The electron charge is e = 1.6 × 10−19 C, and its mass is me = 9.11 × 10−31 kg.

The electron charge is e = 1.6 × 10−19 C, and its mass is me = 9.11 × 10−31 kg. How many times is the force of the Coulomb repulsion of two electrons greater than the force of their gravitational attraction?

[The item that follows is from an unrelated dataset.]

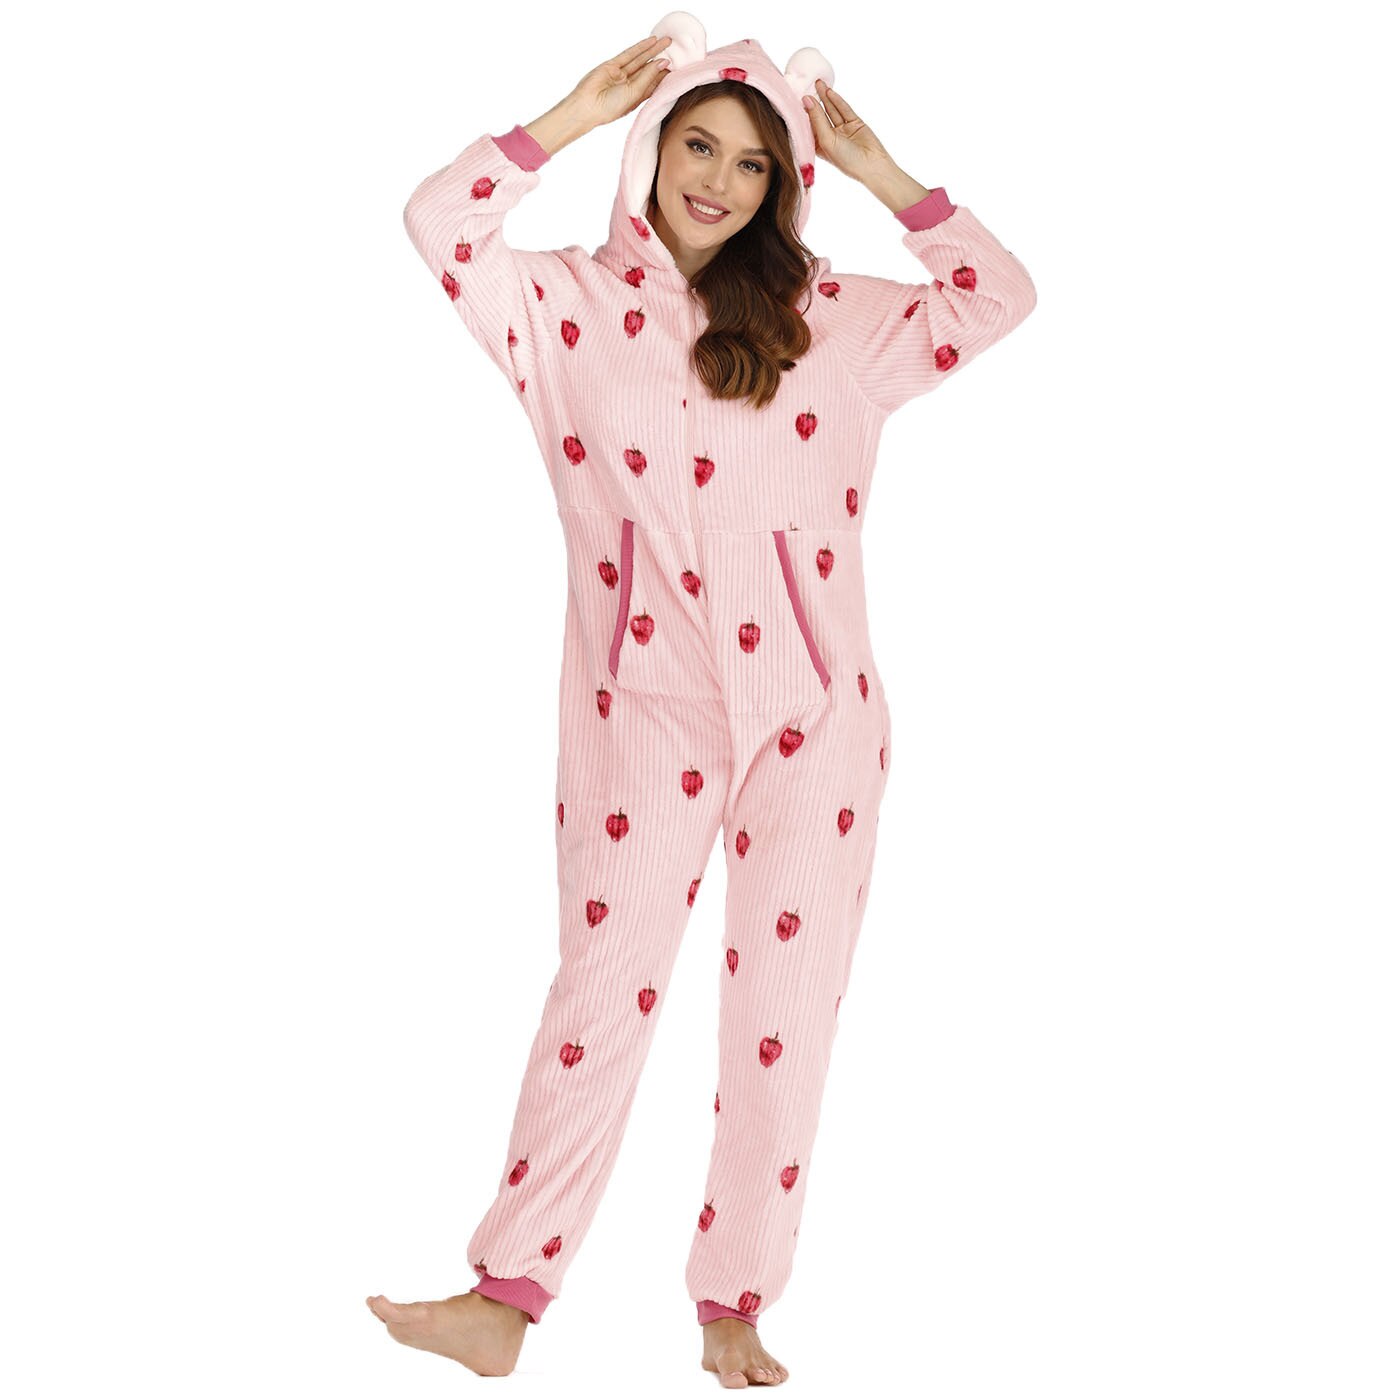 Women Jumpsuit Pajama Hooded With Pocket Onesies Sleepwear Pink Strawberry Printed Zipper Full Sleeve Homewear Casual Pyjama

The force of electrostatic repulsion of two electrons having a charge e located at a distance R is found according to the Coulomb law: F₁ = k ∙ | q₁ ∙ q₂ | / R ^ 2, where q₁ and q₂ are the charges of interacting bodies, the coefficient k = 9 ∙ 10 ^ 9 (H ∙ m ^ 2) / Cl ^ 2. Since q₁ = q₂ = e, then:

F₁ = k ∙ e ^ 2 / R ^ 2.

The force of gravitational attraction is determined using the law of universal gravitation: F₂ = G ∙ m₁ ∙ m₂ / R ^ 2, where m₁ and m₂ are the masses of interacting bodies, the coefficient G = 6.67 ∙ 10 ^ (- 11) N ∙ m ^ 2 / kg ^ 2 – gravitational constant. Since m₁ = m₂ = m, where m is the electron mass, then:

F₂ = G ∙ m ^ 2 / R ^ 2.

To compare how many times the force of the Coulomb repulsion of two electrons is greater than the force of their gravitational attraction, we find the ratio: F₁: F₂ = (k ∙ e ^ 2 / R ^ 2): (G ∙ m ^ 2 / R ^ 2); F₁: F₂ = k ∙ e ^ 2 / (G ∙ m ^ 2). Since the electron charge is e = 1.6 ∙ 10 ^ (- 19) C, and its mass is m = 9.11 ∙ 10 ^ (- 31) kg, then:

F₁: F₂ = (9 ∙ 10 ^ 9 (H ∙ m ^ 2) / Kl ^ 2 ∙ (1.6 ∙ 10 ^ (- 19) Kl) ^ 2) / ((6.67 ∙ 10 ^ (- 11 ) N ∙ m ^ 2 / kg ^ 2 ∙ (9.11 ∙ 10 ^ (- 31) kg) ^ 2));

F₁: F₂ = 4.2 ∙ 10 ^ 42.

Answer: the force of the Coulomb repulsion of two electrons is 4.2 ∙ 10 ^ 42 times greater than the force of their gravitational attraction.